Джим — хороший парень, из благодарности был готов себе руку отрезать и подарить Луизе в стеклянном футляре. Честность Лили превзошла все ожидания, потому что она рассказала обо всем отцу, — Луиза не могла представить, чтобы она сама так поступила в ее возрасте. В любом возрасте, если на то пошло. Она не собиралась ничего говорить Джиму о той облаве, к чему зря языком чесать. Как она себе это видела, если Джим когда-нибудь окажется в подобной ситуации с Арчи, Арчи выйдет сухим из воды под прикрытием как минимум одного сотрудника лотианской полиции. Двоих, если считать его мать.
Она высыпала в рот полпачки «Тик-така» и была готова к службе.
Ричард Моут не проснулся. Никем не потревоженный, он лежал в гостиной Мартина Кэннинга в Мёрчистоне. Это был большой викторианский особняк в неоготическом стиле, чем-то напоминавший пасторский дом. На лужайке возвышалась огромная араукария, почти ровесница дома. От дороги особняк скрывали ряды старых деревьев и разросшихся кустов. Затейливо переплетаясь, корни араукарии расползлись далеко за пределы лужайки, обвили идущие вдоль улицы газовые и канализационные трубы, втихомолку пробрались в чужие сады.

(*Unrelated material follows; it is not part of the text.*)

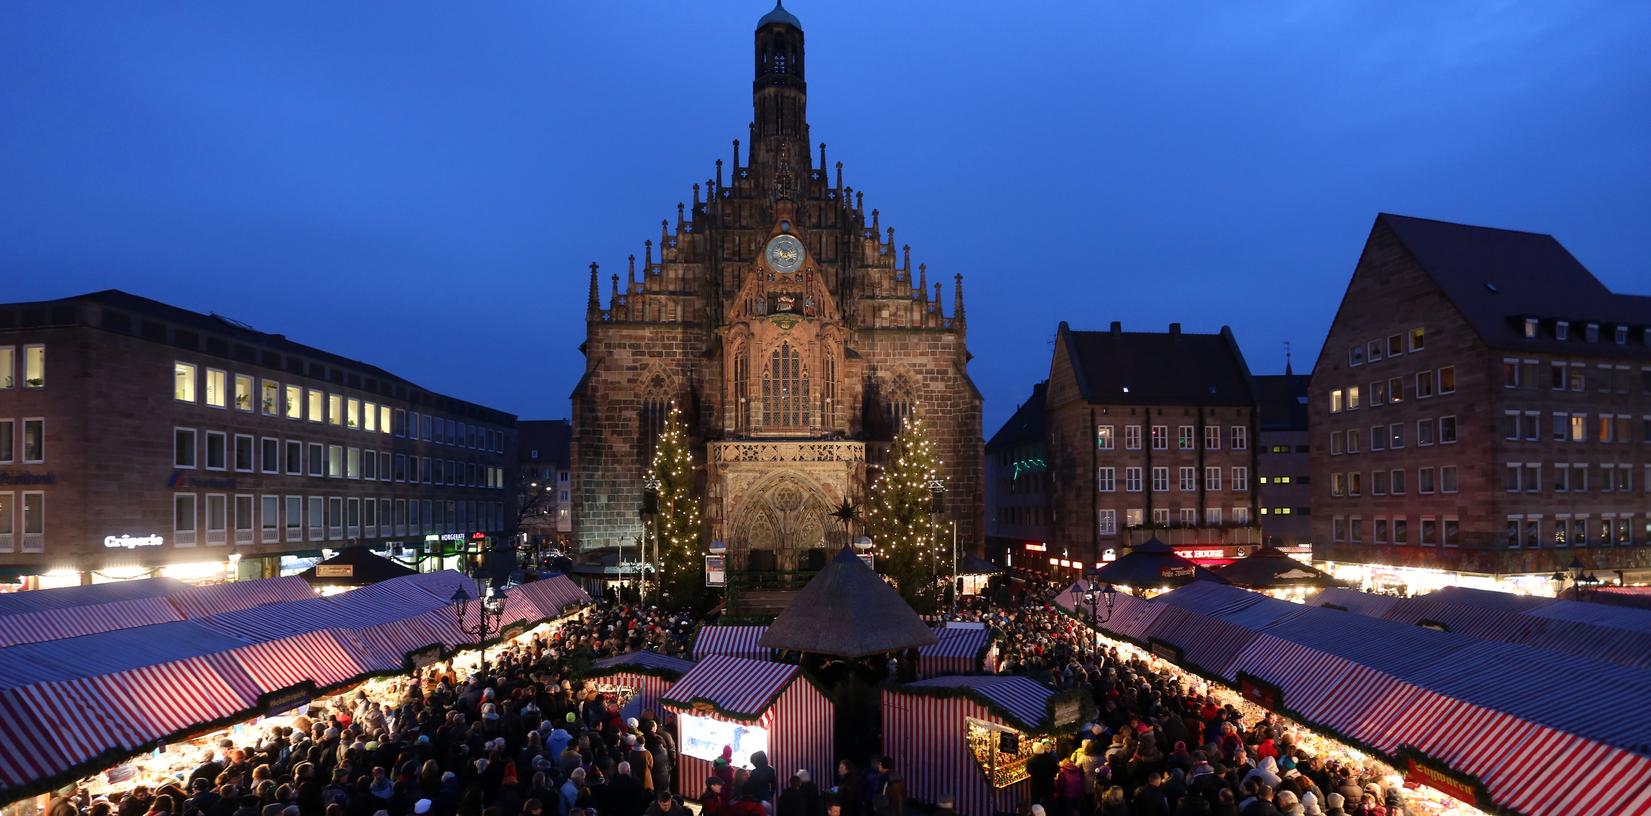 Bei einer aktuellen Umfrage holte sich der Nürnberger Christkindlesmarkt den ersten Platz als beliebtester Weihnachtsmarkt.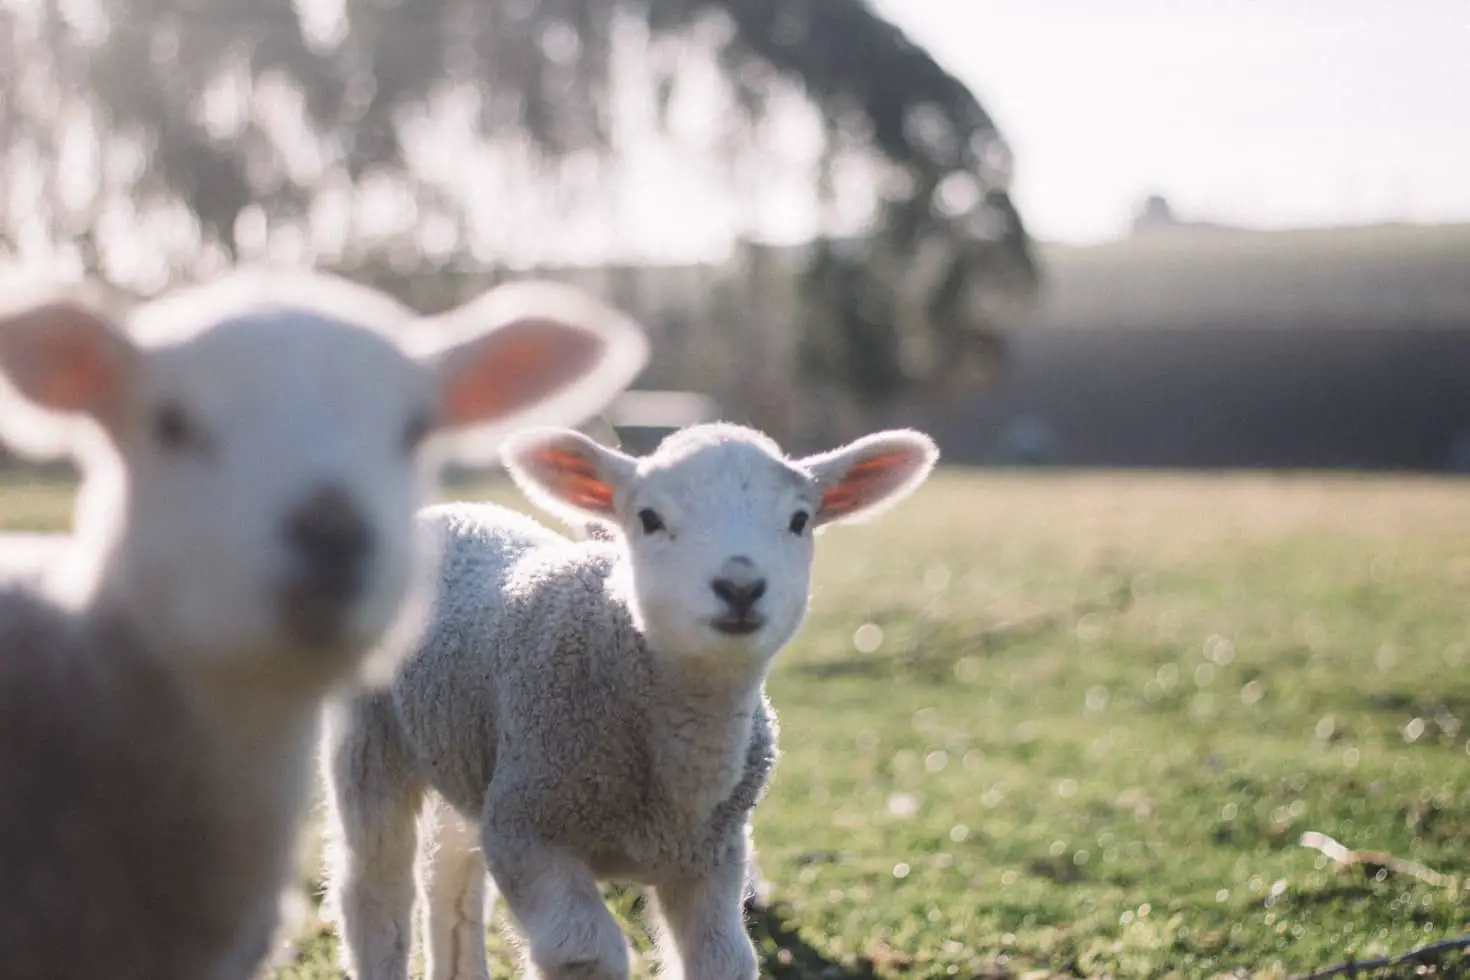 Little lambs in a field

Разбитый «Ролекс» на запястье Ричарда Моута сообщал, что тот умер без десяти пять (стрелки выстроились в прямую кардиограммы), под охраной красного сатанинского глазка на панели телевизора — того самого, «фантастического», который Моут надеялся обменять на свою жизнь, — и аккомпанемент приглушенных звуков пригорода, становящихся все громче по мере того, как разгоралось утро. По улице продребезжал фургон молочника. Хороший район, здесь по-прежнему ставили на порог молоко в стеклянных бутылках. В почтовый ящик мягко шлепнулась почта. В Лондоне день Ричарда Моута всегда начинался с чтения почты. Он был уверен, что дни без почты (хотя почта была всегда) не начинаются в принципе. Почта пришла и сегодня, практически вся для него, переправленная на имя Мартина Кэннинга, — чек от его агента, открытка из Греции от приятеля, два письма от поклонников, уравновешенные двумя письмами от ненавистников. Однако, несмотря на почту, для Ричарда Моута этот день так и не начался.